Security threats Toolkit

Easynet sends warnings to virus victims

Tags:
Nyxem

Tom Espiner ZDNet.co.uk

Published: 30 Jan 2006 11:55 GMT

A UK Internet Service Provider (ISP) is contacting customers it believes may be infected with the Nyxem virus.

When a computer is infected by Nyxem, it visits an online Web counter that counts how many PCs have been infected. Easynet is monitoring traffic to this Web counter and sending a warning to every user that visits it, explaining that their machine could be infected.

ISPs have been attacked in the past for failing to responsibly monitor the data they pipe to home users, and for failing to share the responsibility for the ever-growing virus and spam burden that is falling on businesses and consumers.

"ISPs do the equivalent of pumping out raw sewage into your home. You wouldn't expect to have to filter your own water, so why do home users have to filter their own data?" Paul Wood, MessageLabs senior analyst, told ZDNet UK in November.

Easynet's actions may indicate that ISPs are taking this issue more seriously. Security firm F-Secure applauded the move in its blog, and encouraged other ISPs to warn their customers about such attacks.

"We think it's a good idea that ISPs warn people about viruses in general and I think it's a great idea that Easynet proactively took this step," F-Secure security expert Patrik Runald told ZDNet UK.

"Obviously with 300 or 400 viruses being detected every day ISPs can't warn their customers about all of them, but in this type of case it's a really good idea."

F-Secure encouraged other ISPs to notify any customers who are infected with Nyxem before 3 February, when the virus is due to deliver its payload.

"We thought this was an excellent idea and wanted to promote it! We encourage other ISPs to do the same as it will help users disinfect their machines before the 3rd of February," said F-Secure in its blog.
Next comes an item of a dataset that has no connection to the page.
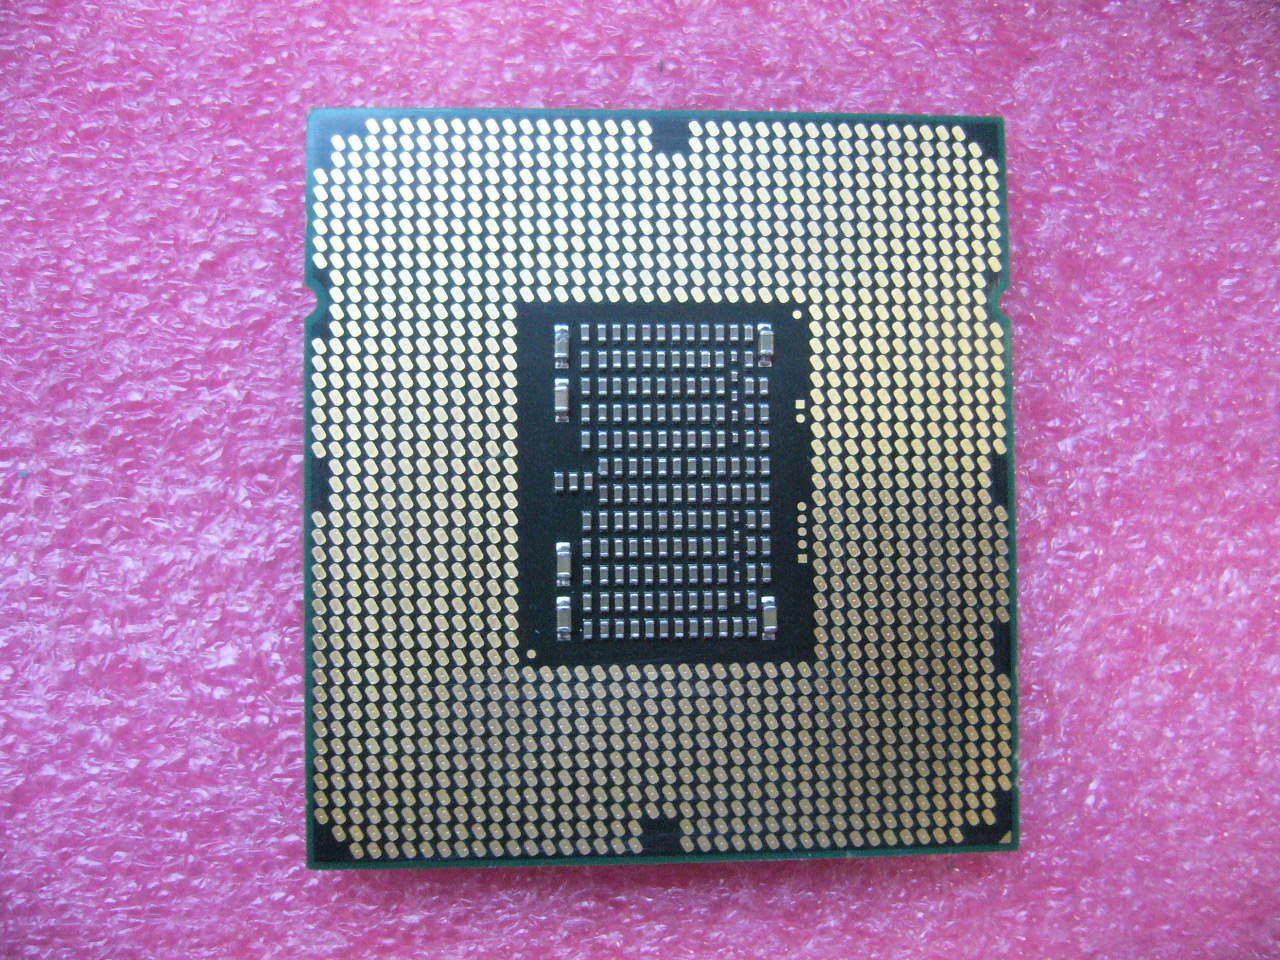 QTY 1x INTEL Six-Cores Xeon CPU E5645 2.40GHZ/12MB LGA1366 SLBWZ - zum Schließen ins Bild klicken

Nyxem's payload will delete all Word, Excel, PowerPoint, and PDF file types from a compromised PC. The multi-faceted malware will also attempt to propagate itself both through email and as a network worm, which can be particularly damaging on closed networks.

"Nyxem is certainly malicious. It can be delivered via email, but also as a network worm. It probes other PCs on a closed network to compromise them and send itself to the other computers, to infect as many hosts as possible," said Jason Steer, technical consultant at security company Ironport, on Thursday.
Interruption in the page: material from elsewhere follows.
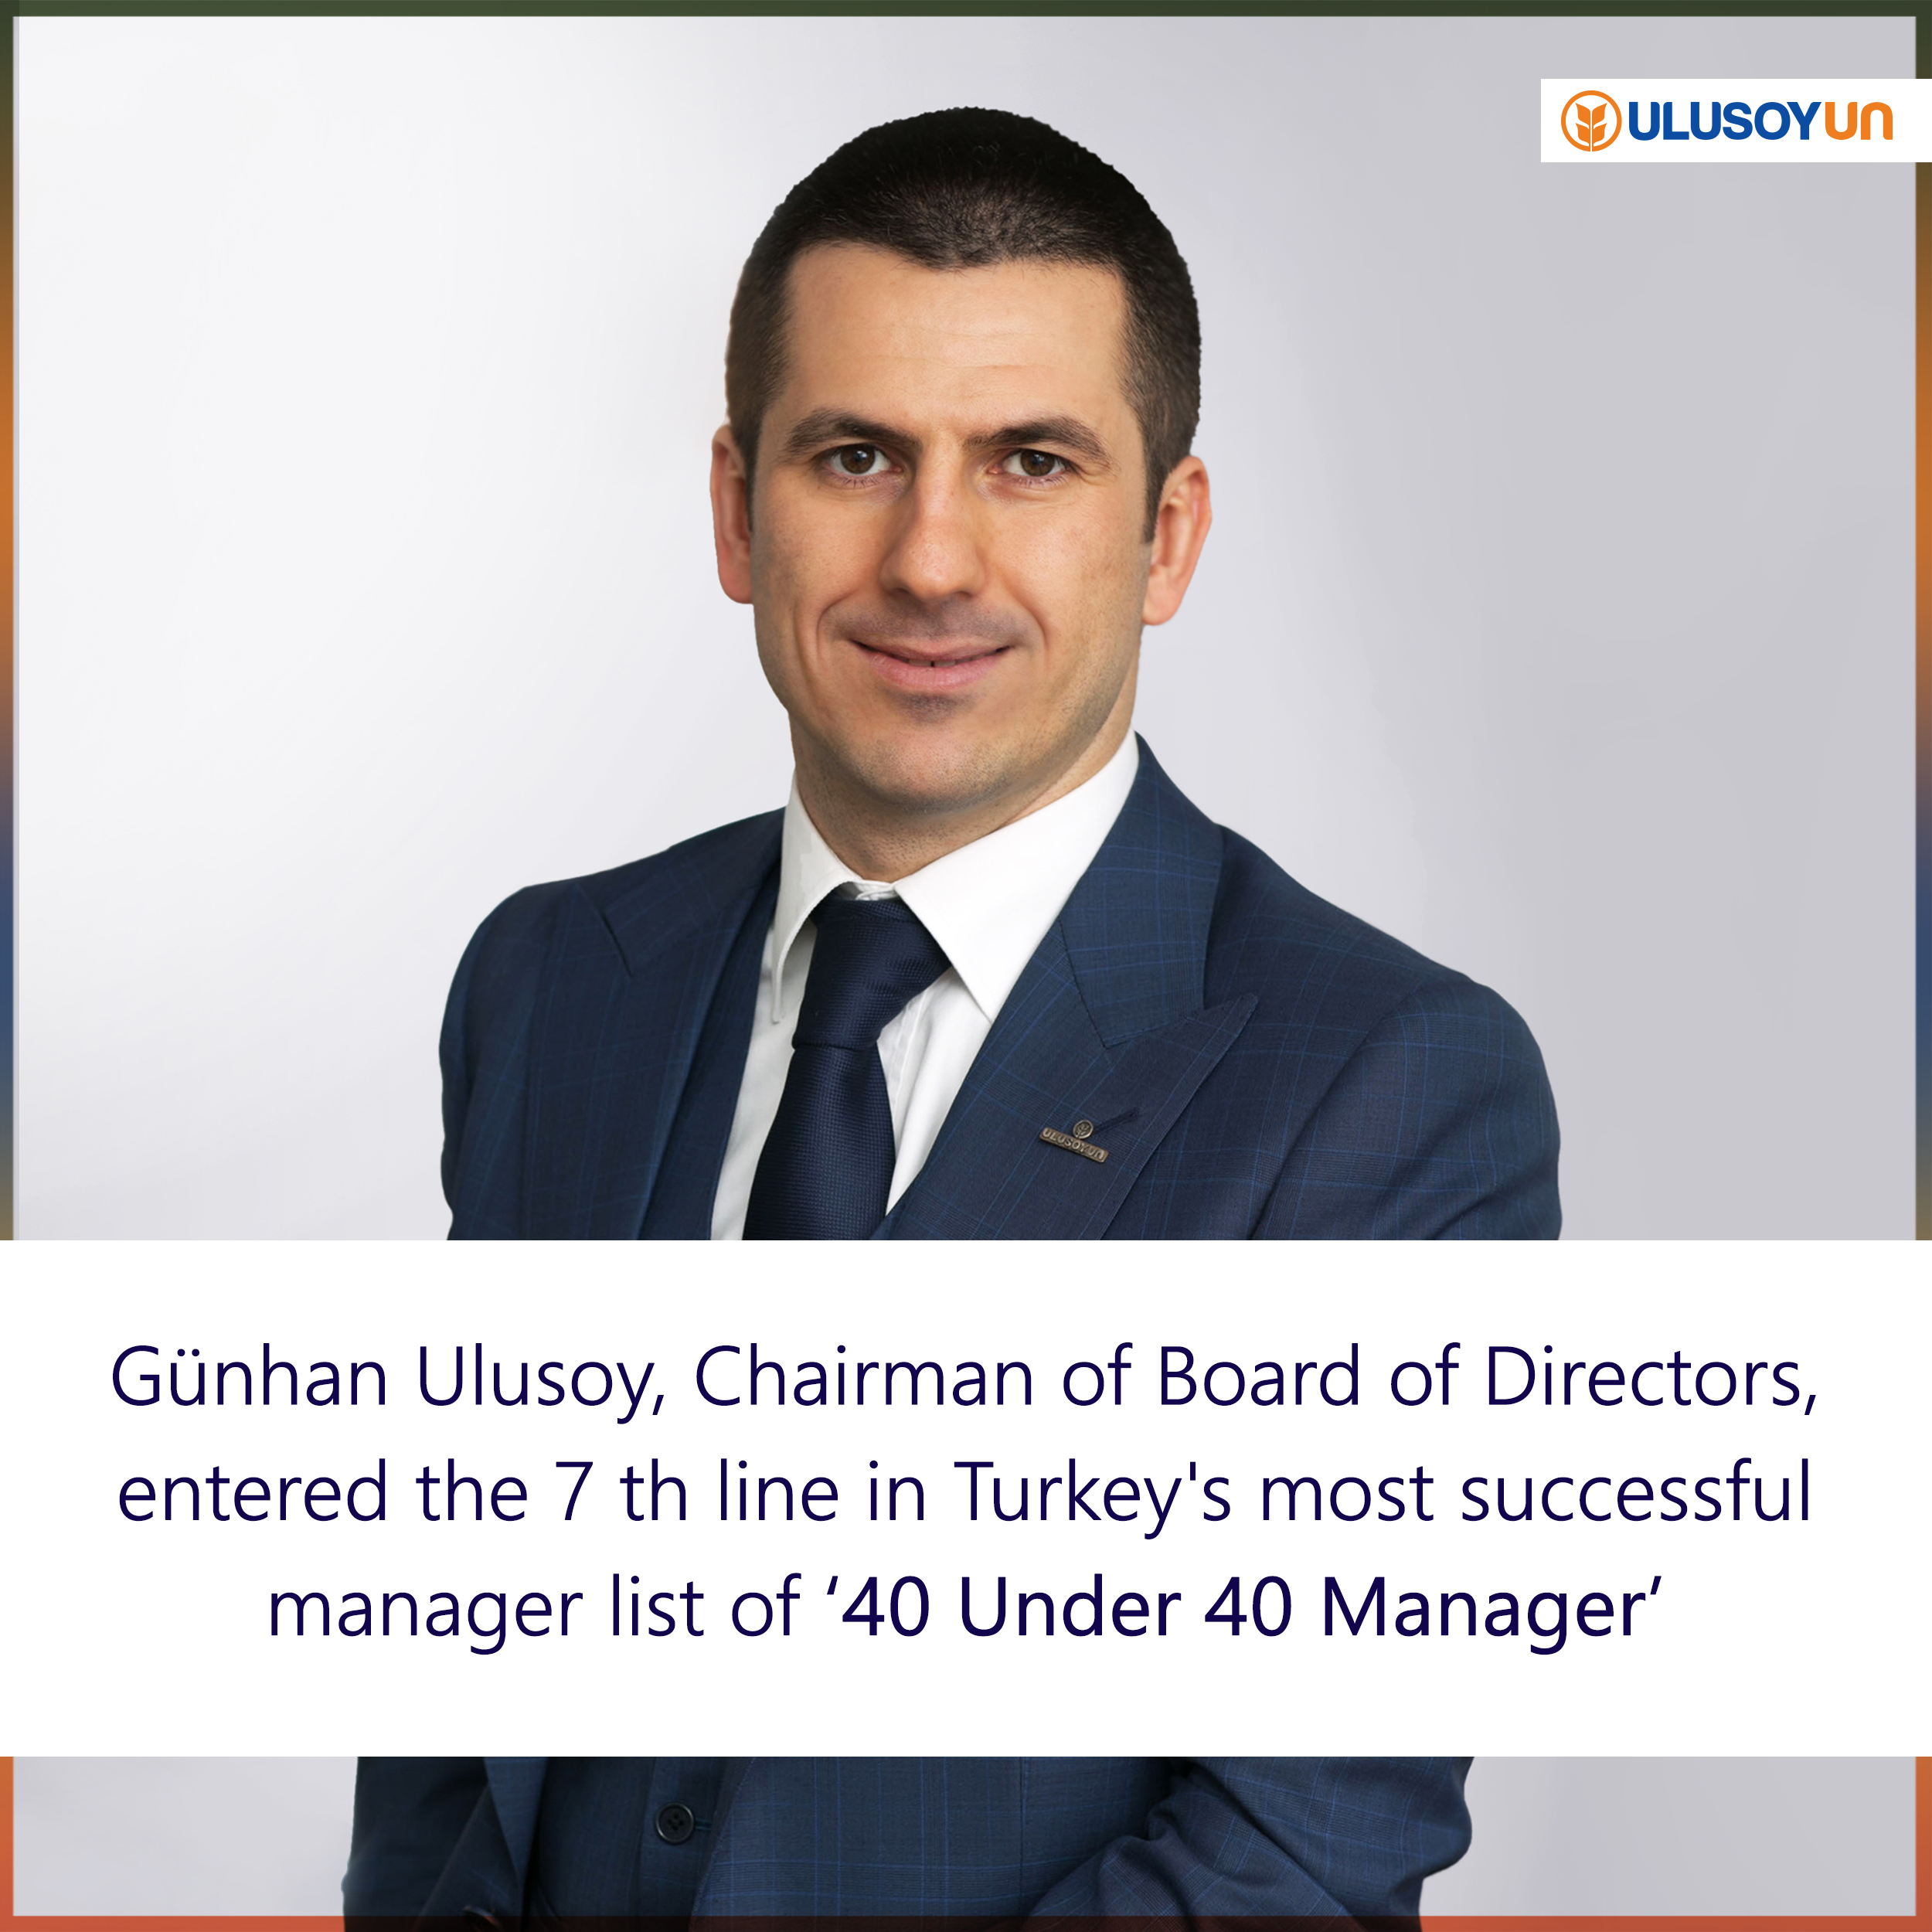 Gunhan Ulusoy, Fortune, Turkey

The malware hides in attachment types not typically blocked by attachment filters.

Companies are unlikely to be directly affected by the virus if they are running up-to-date antivirus software, said Ironport, because the major antivirus vendors have now released patches. But the company warned on Thursday that firms could experience secondary effects as the virus tries to propagate itself by harvesting email addresses on an infected machine.

"The knock-on effects will come as compromised PCs try to communicate with businesses. This will cause additional email and network traffic, and possible slow down email response time," said Steer.